*The problem*
Print out each entry below exactly; do not carry over any image.

*The input*

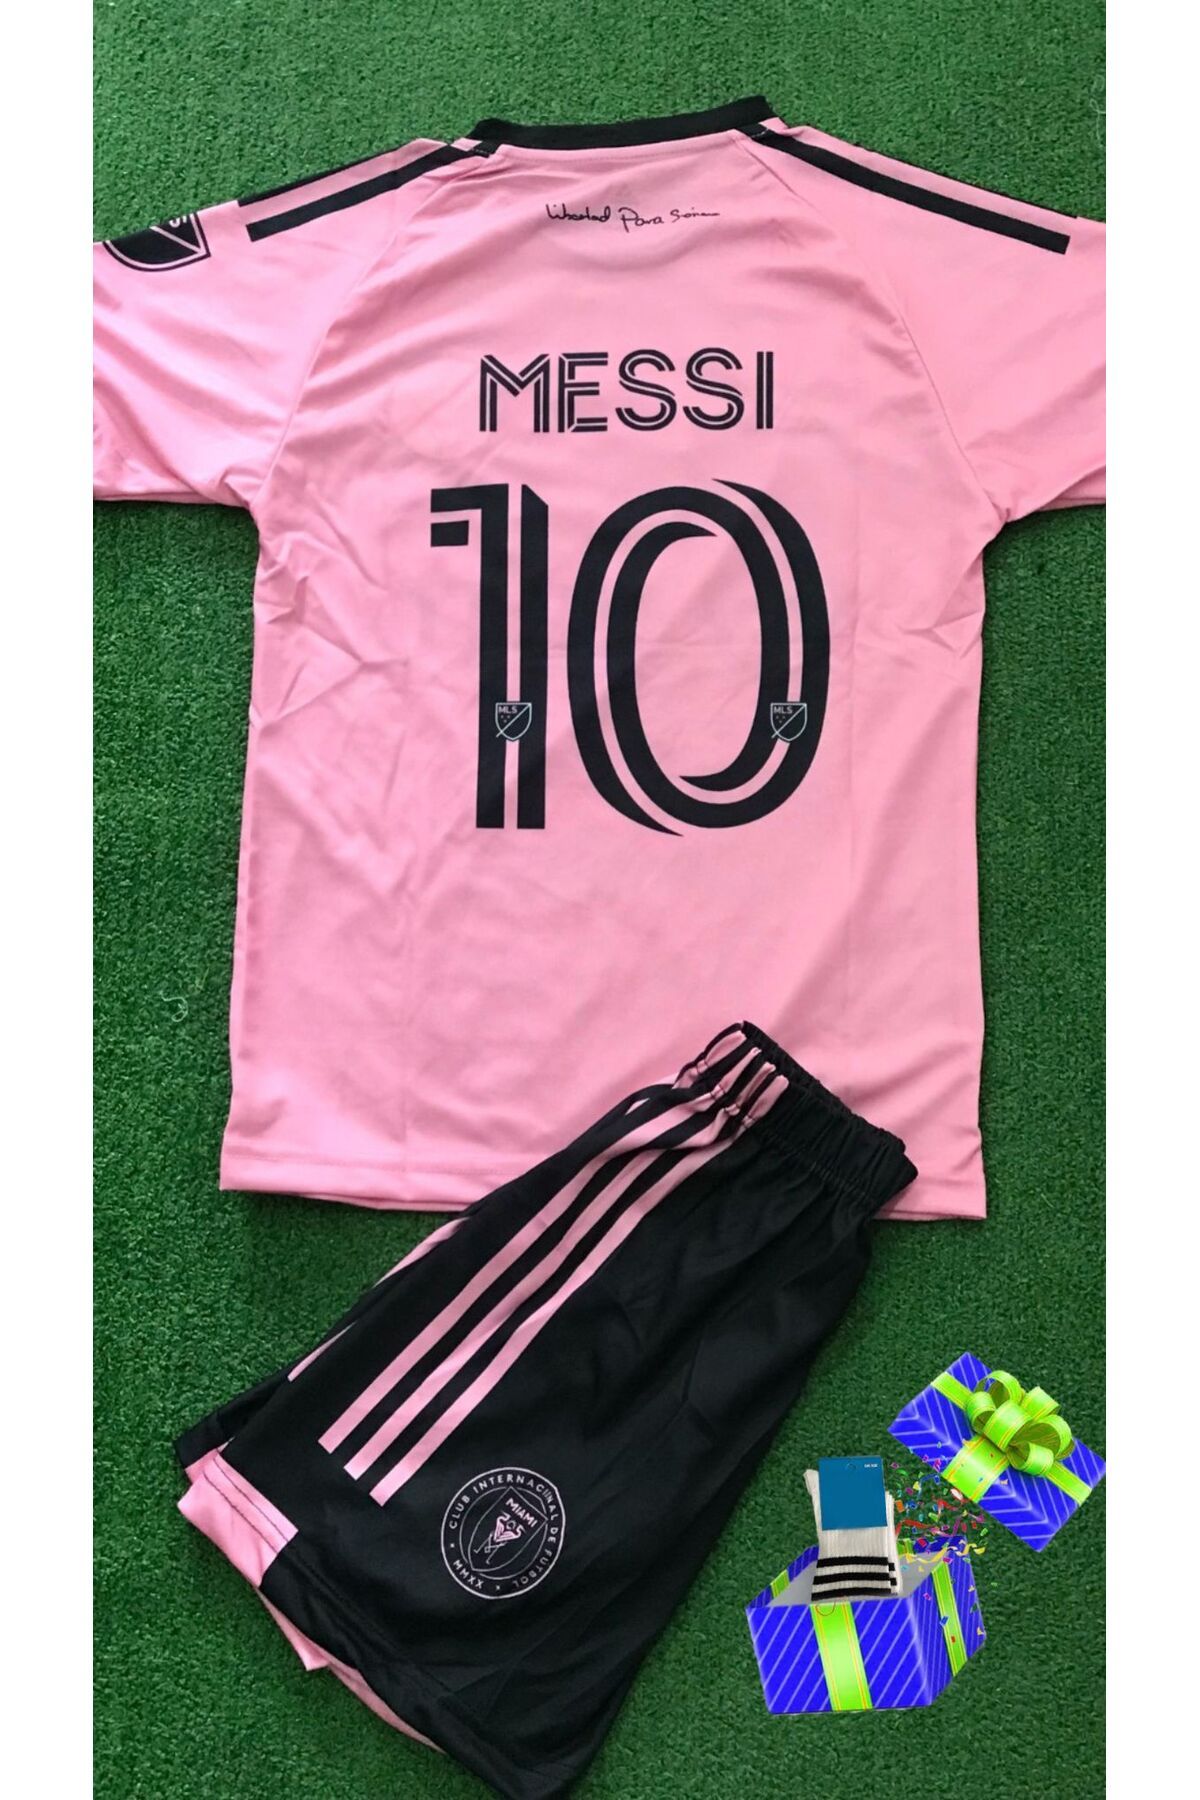 İeys Sport Çorap Hediyeli Messi Inter Miami 23/24 Sezon Çocuk Forma Şort Çorap Takımı - 3'lü Set
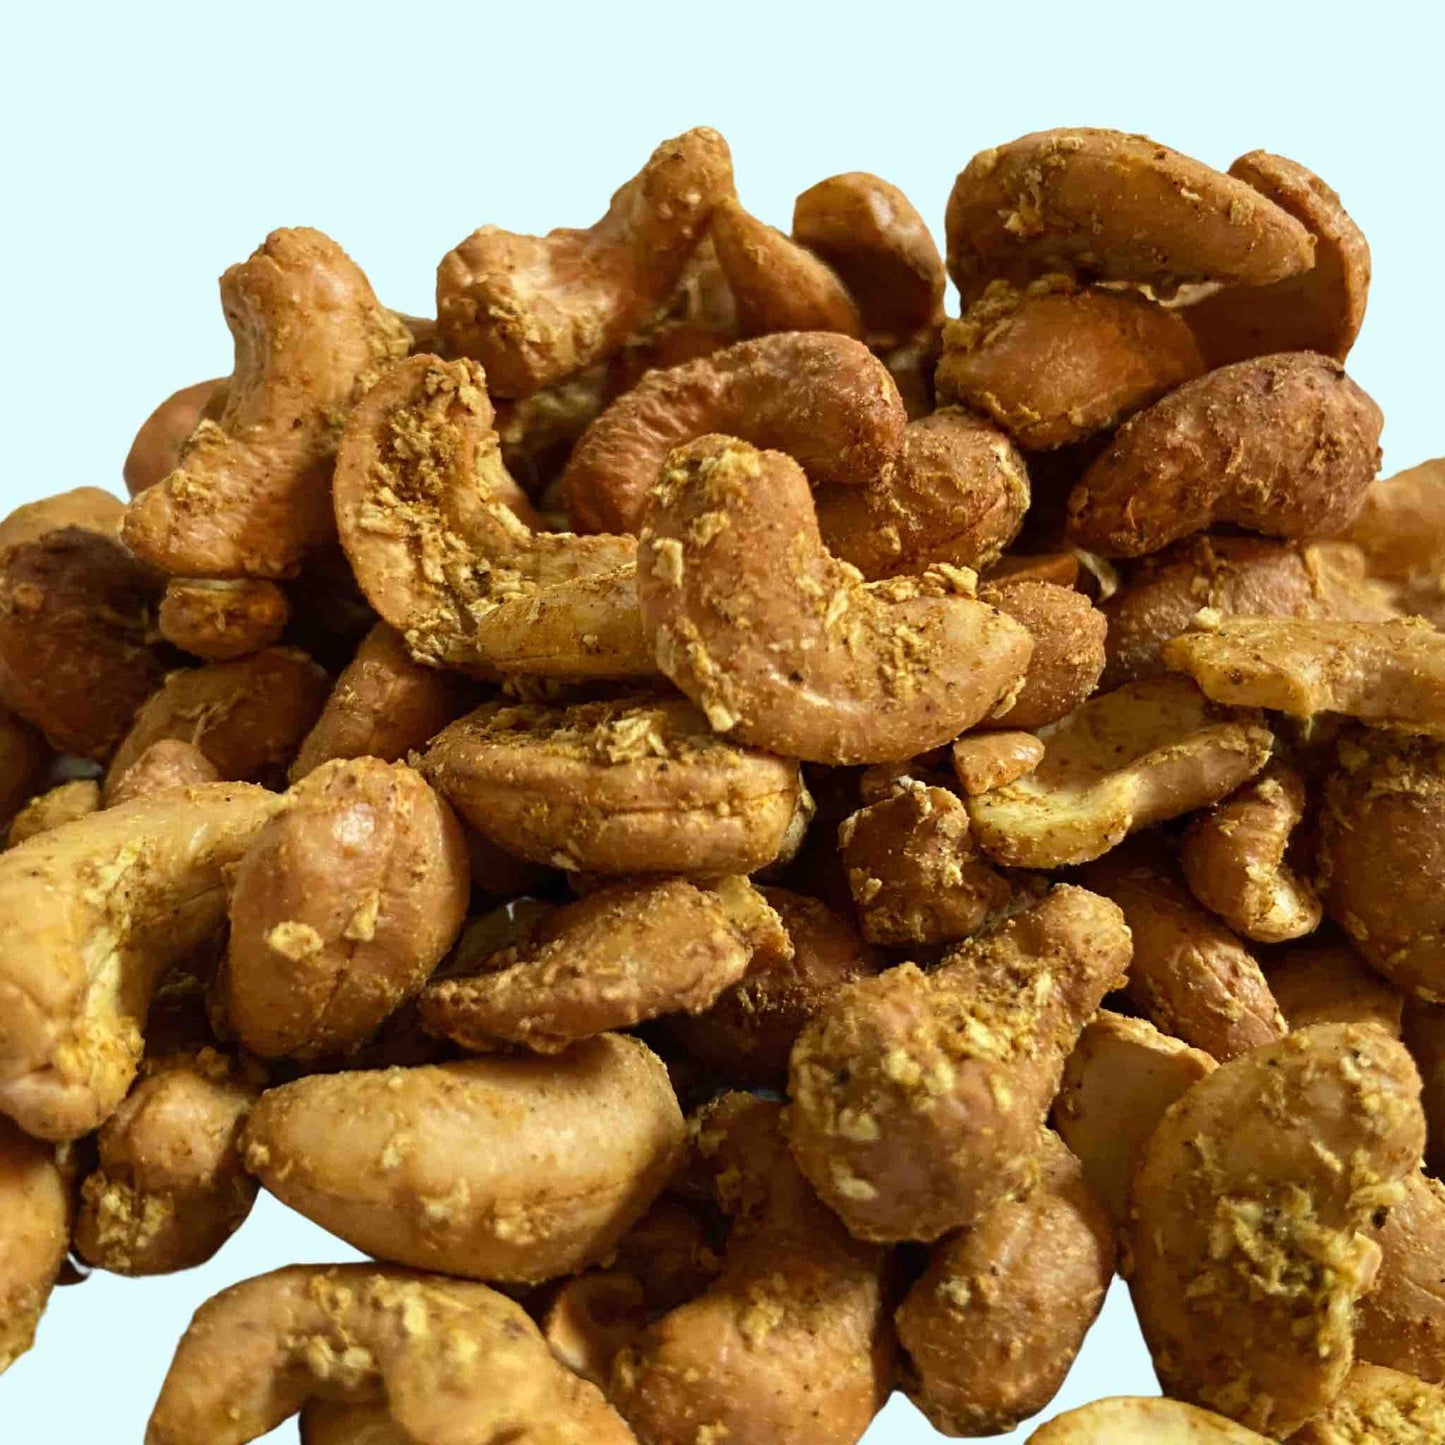 Bulk Jamaican Curry Smoked Cashews
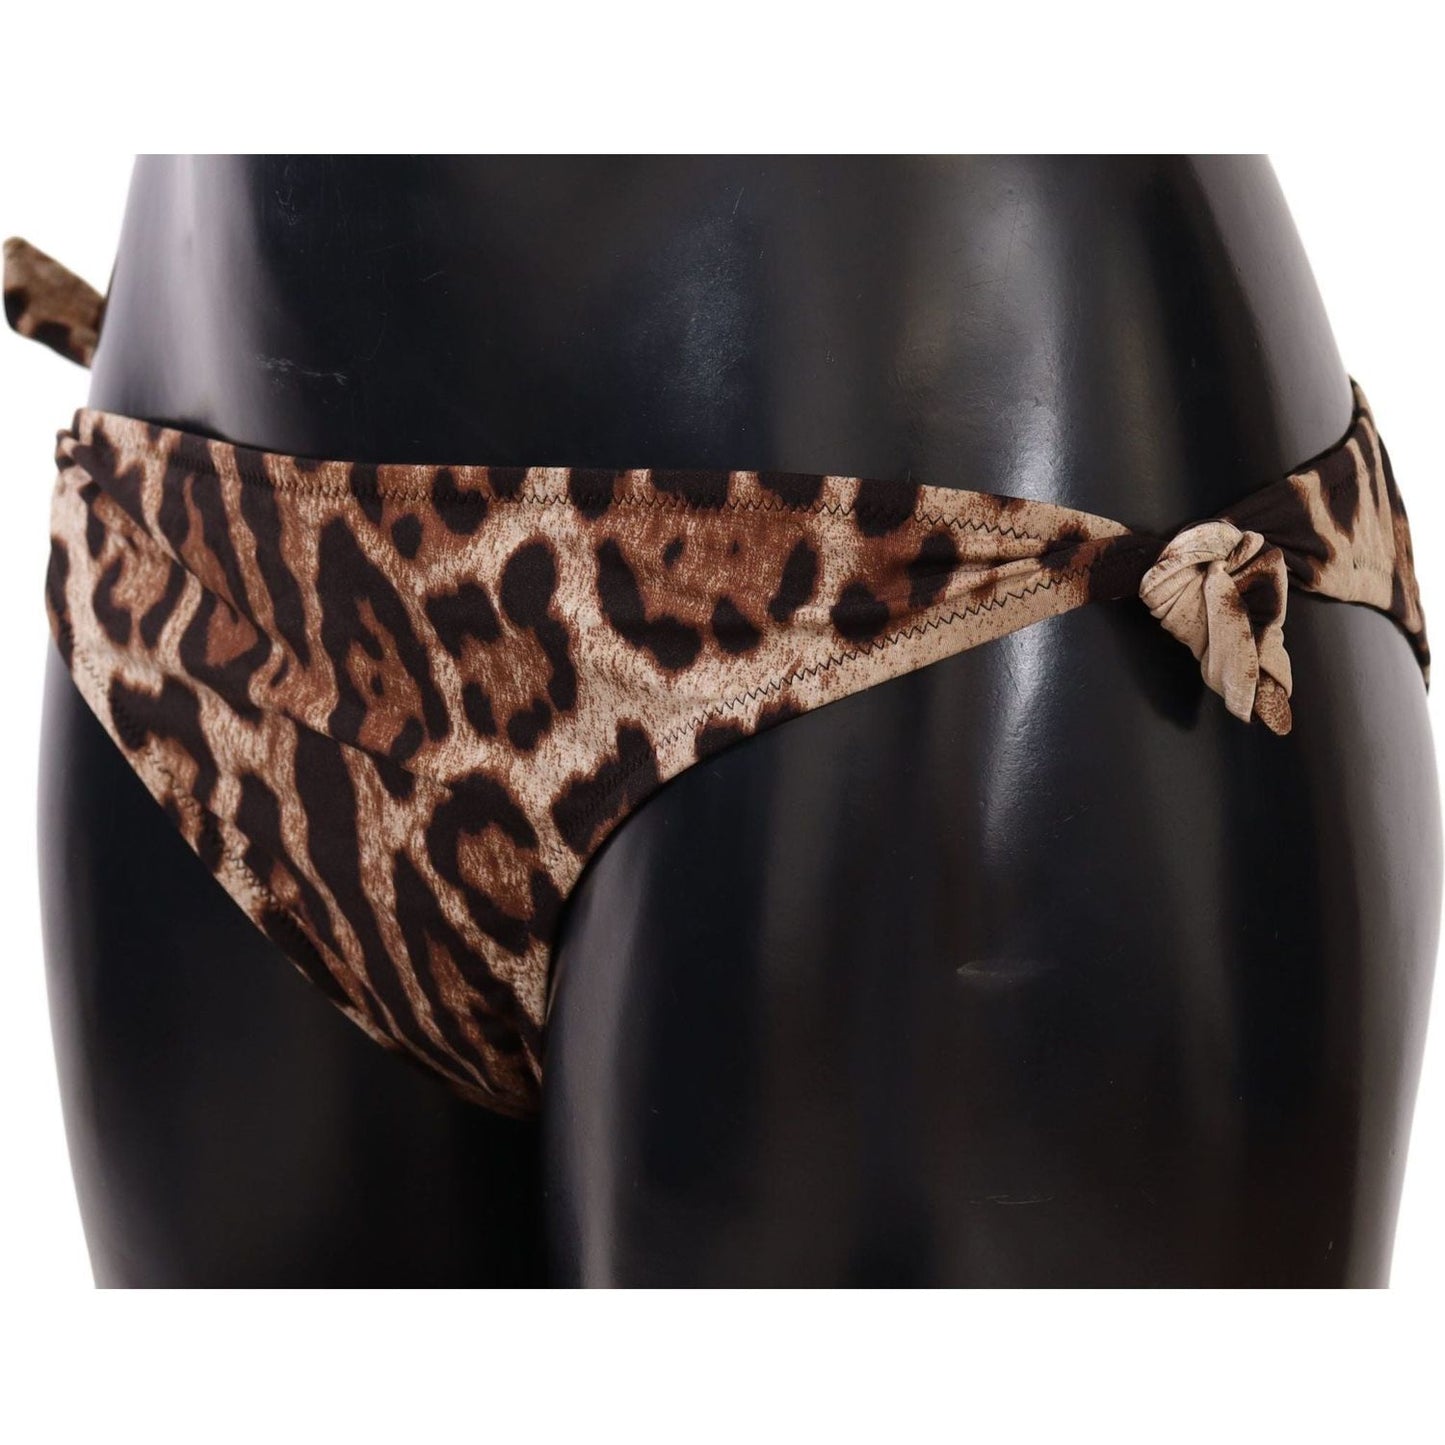 Dolce & Gabbana Elegant Leopard Print Bikini Bottom WOMAN SWIMWEAR bikini-bottom-brown-leopard-print-swimsuit-swimwear IMG_8328-scaled-42784a78-781.jpg
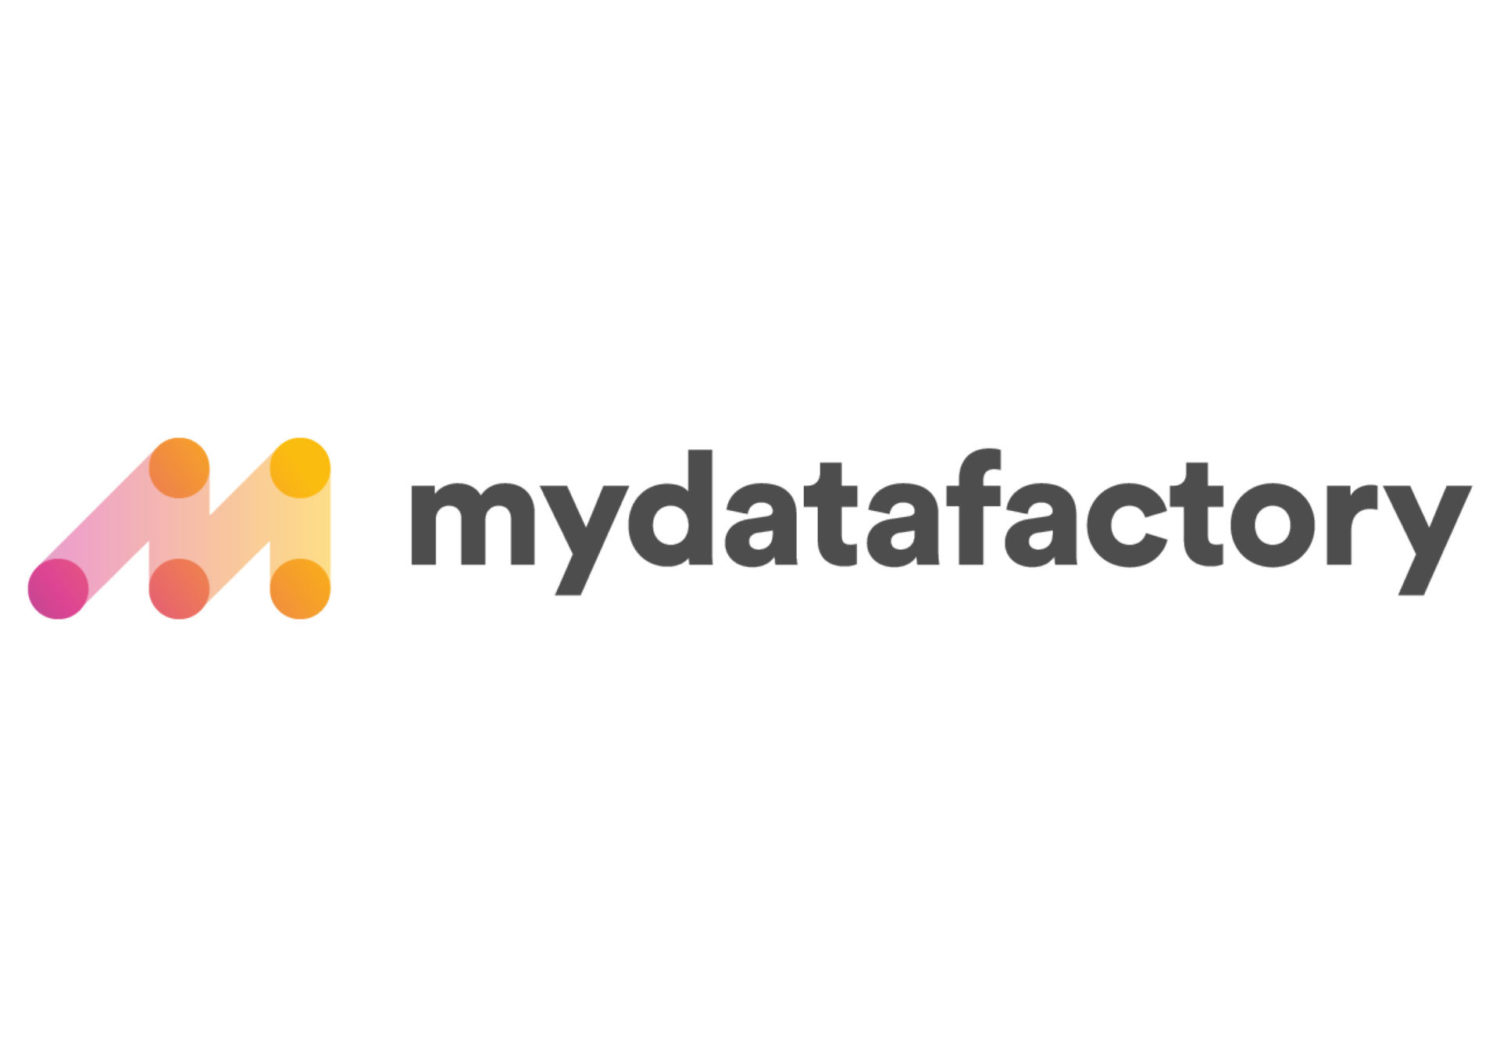 MyDatafactory
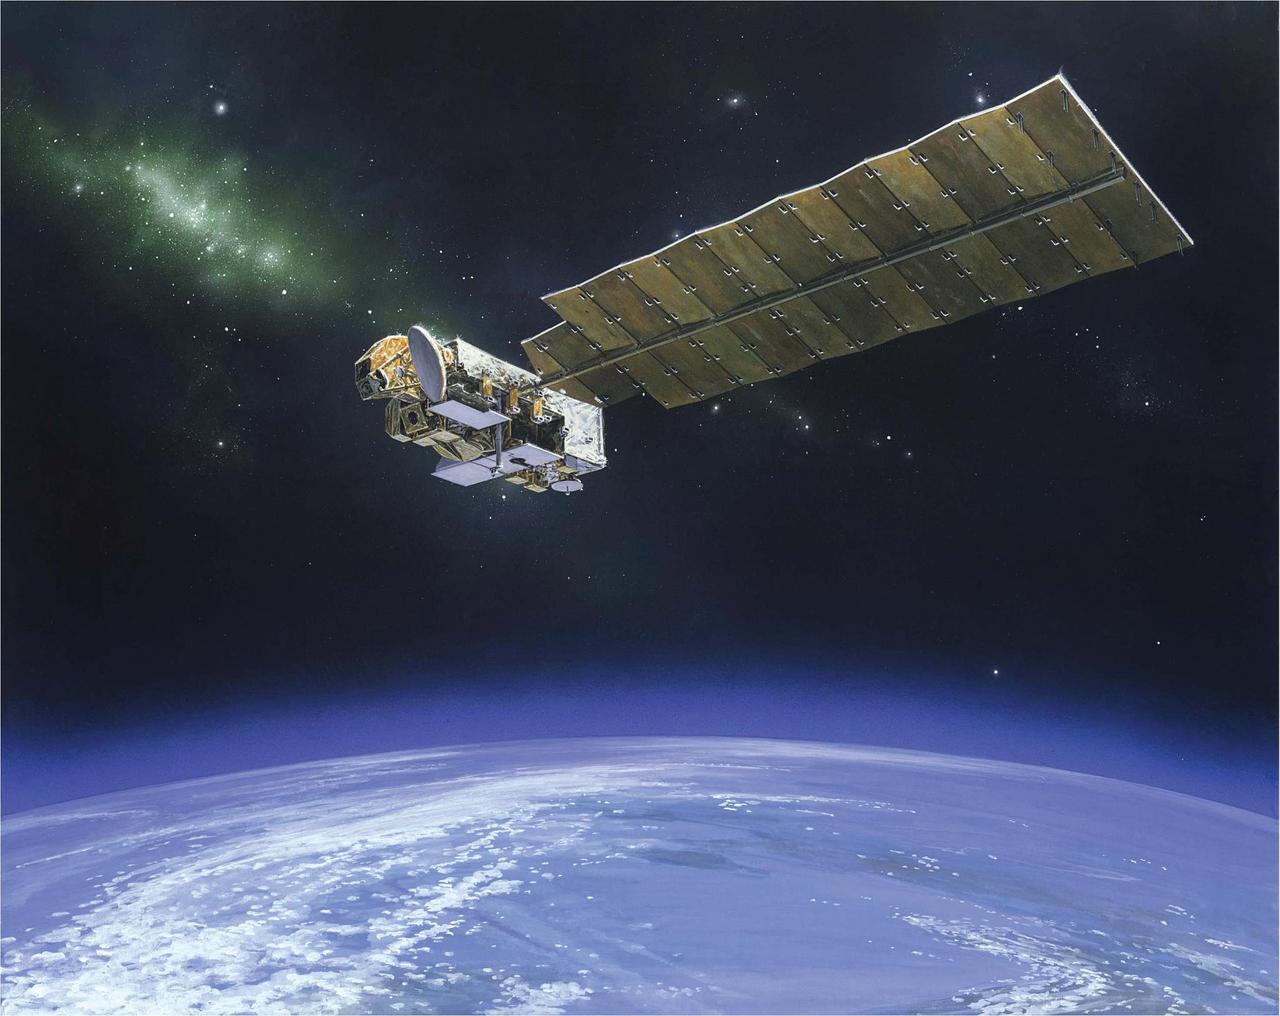 La nave espacial Aura es una misión de química atmosférica de la NASA que monitorea la atmósfera protectora de la Tierra. NASA.

*Answer box*
 İeys Sport Çorap Hediyeli Messi Inter Miami 23/24 Sezon Çocuk Forma Şort Çorap Takımı - 3'lü Set
 Bulk Jamaican Curry Smoked Cashews
 Dolce & Gabbana Elegant Leopard Print Bikini Bottom WOMAN SWIMWEAR bikini-bottom-brown-leopard-print-swimsuit-swimwear IMG_8328-scaled-42784a78-781.jpg
 MyDatafactory
 La nave espacial Aura es una misión de química atmosférica de la NASA que monitorea la atmósfera protectora de la Tierra. NASA.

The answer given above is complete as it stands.